Tiger and JZ: not quite brothers from another mother, but maybe cousins
- Branko Brkic
- 20 Feb 2010 (South Africa)
After three months of silence, Tiger Woods apologised to the world. The world’s buying it about as much as South Africans bought Jacob Zuma’s mea culpa, but that doesn’t mean we can’t wait to see him back on the course (Tiger, not JZ).
In early December 2009, about two weeks after Tiger Woods had driven into that fire hydrant, we ran a piece asking how far the giant had fallen. At the time the count on Tiger’s affairs was around ten or eleven, and despite the urgent call for some sort of statement, he was remaining resolutely silent. When his mother-in-law collapsed in his Florida home, apparently the result of severe distress, we didn’t hear a word. Neither did we hear, as the tally on his liaisons mounted, any apology to his wife and children. Tiger was behaving, we suggested, like a coward.
“It’s hard to reconcile the all-conquering hero from the 2000 US Open with the spineless squirrel we’re witnessing (or not witnessing) now, but they are in fact the same person,” we wrote, wondering whether the world’s number one golfer would ever again tap the heroic part of his nature.
If we inferred in that piece that a public apology would somehow show us the same man in the maroon Nike shirt that had advanced like a valiant general through so many final-day fields – and it seems, on reflection, that we did – we have no choice now but to admit our mistake. Tiger Woods’s apology yesterday, after a three-month silence, made him look like a small, insincere boy.

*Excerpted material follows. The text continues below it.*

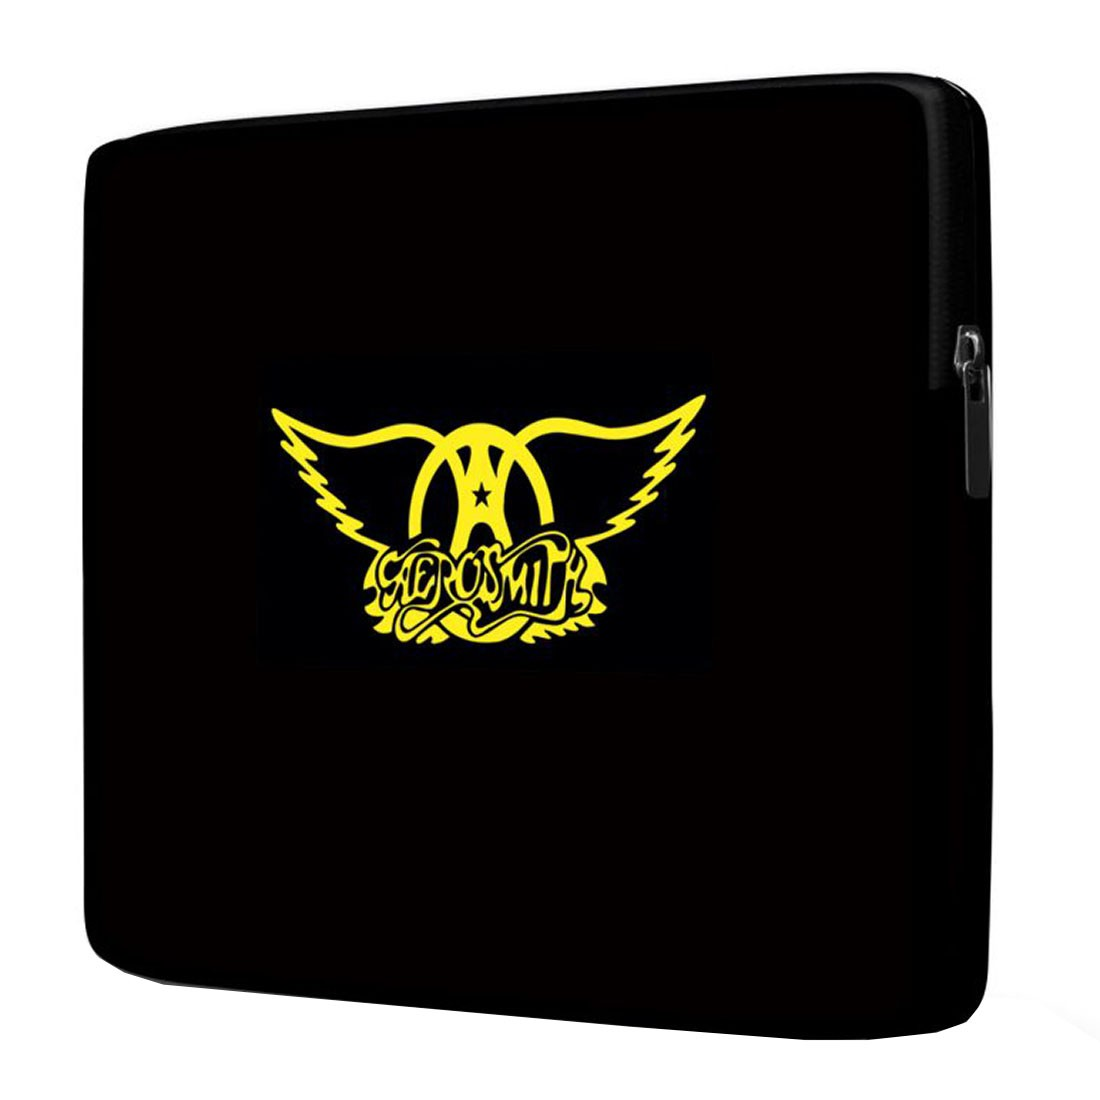 Capa para Notebook Aerosmith 15.6 À 17 Polegadas

It wasn’t so much the oversized collar that drowned out his neck, or the pasty skin, or the distended bags under his eyes – although none of these things helped project the image of a contrite grown-up. It was his voice. Strained, apparently but not really on the verge of tears, close-to-but-not-quite breaking. It had the lilt of a Barmitzvah speech. The cadence of someone who’s been practicing in the bathroom mirror.
The words themselves were authentic enough. “I want to say to all of you, simply and directly, that I am deeply sorry for my irresponsible and selfish behaviour,” said the world’s number one golfer to his middle-aged (seemingly hand-picked) audience at the TPC Sawgrass Clubhouse in Ponta Vedra Beach, Florida. "I was unfaithful, I had affairs, I cheated. What I did was unacceptable.”
On the surface, it seemed as if everyone in the room wanted to forgive Tiger. It seemed, even, that the entire thing was planned as a Forgiveness Event – especially when Kitalda, Tiger’s mother, stood up to embrace her son and look deeply into his eyes. Which was another reason why most people outside the room weren’t buying it. The dominant reaction on Twitter and in the mainstream media was the age-old, mouth-behind-the-hand snigger.
Photo: In the carefullu chosen audience were Kathy Battaglia of Tiger Woods Enterprises (L), Tiger Woods' mother Kultida Woods (C) and Amy Reynolds of Nike (R). PGA Tour headquarters in Ponte Vedra Beach, Florida, February 19, 2010. REUTERS/Joe Skipper
Just as it had been in South Africa two weeks earlier when Jacob Zuma reluctantly told the nation: “I have over the past week taken time to consider and reflect on the issues relating to a relationship I had outside of wedlock... I deeply regret the pain that I have caused to my family, the ANC, the Alliance and South Africans in general.”
In terms of moral responsibility, of course, you can’t compare a president to a sportsman. The one is elected to represent his people, the other is a role model simply by virtue of the fact that he’s very good at what he does. Where you can compare Tiger and JZ, though, is in the seeming chorus of cynicism that greeted their respective mea culpas; they had both transgressed too many times for a simple apology to win them back their credibility. At some point the law of diminishing returns kicks in: twenty apologies has less chance of covering for twenty children, or twenty mistresses, than one does.
Unhappily, in such circumstances, one apology doesn’t get great results either. Still, here’s what Tiger said that JZ didn’t. "I never thought about who I was hurting. Instead, I only thought about myself. I ran straight through the boundaries that a normal married couple should live by. I felt that I had worked hard my entire life and deserved to enjoy all the temptations around me. I felt that I was entitled. Thanks to money and fame, I didn't have to go far to find them."
Entitlement. A belief that the rules don’t apply to you. Like JZ, Tiger has learned the dangers of this belief the hard way. Presuming they don’t lapse (or get caught) again, the two men will only be forgiven when they do what they’re supposed to do – when JZ delivers on his campaign promises; when Tiger wins another major.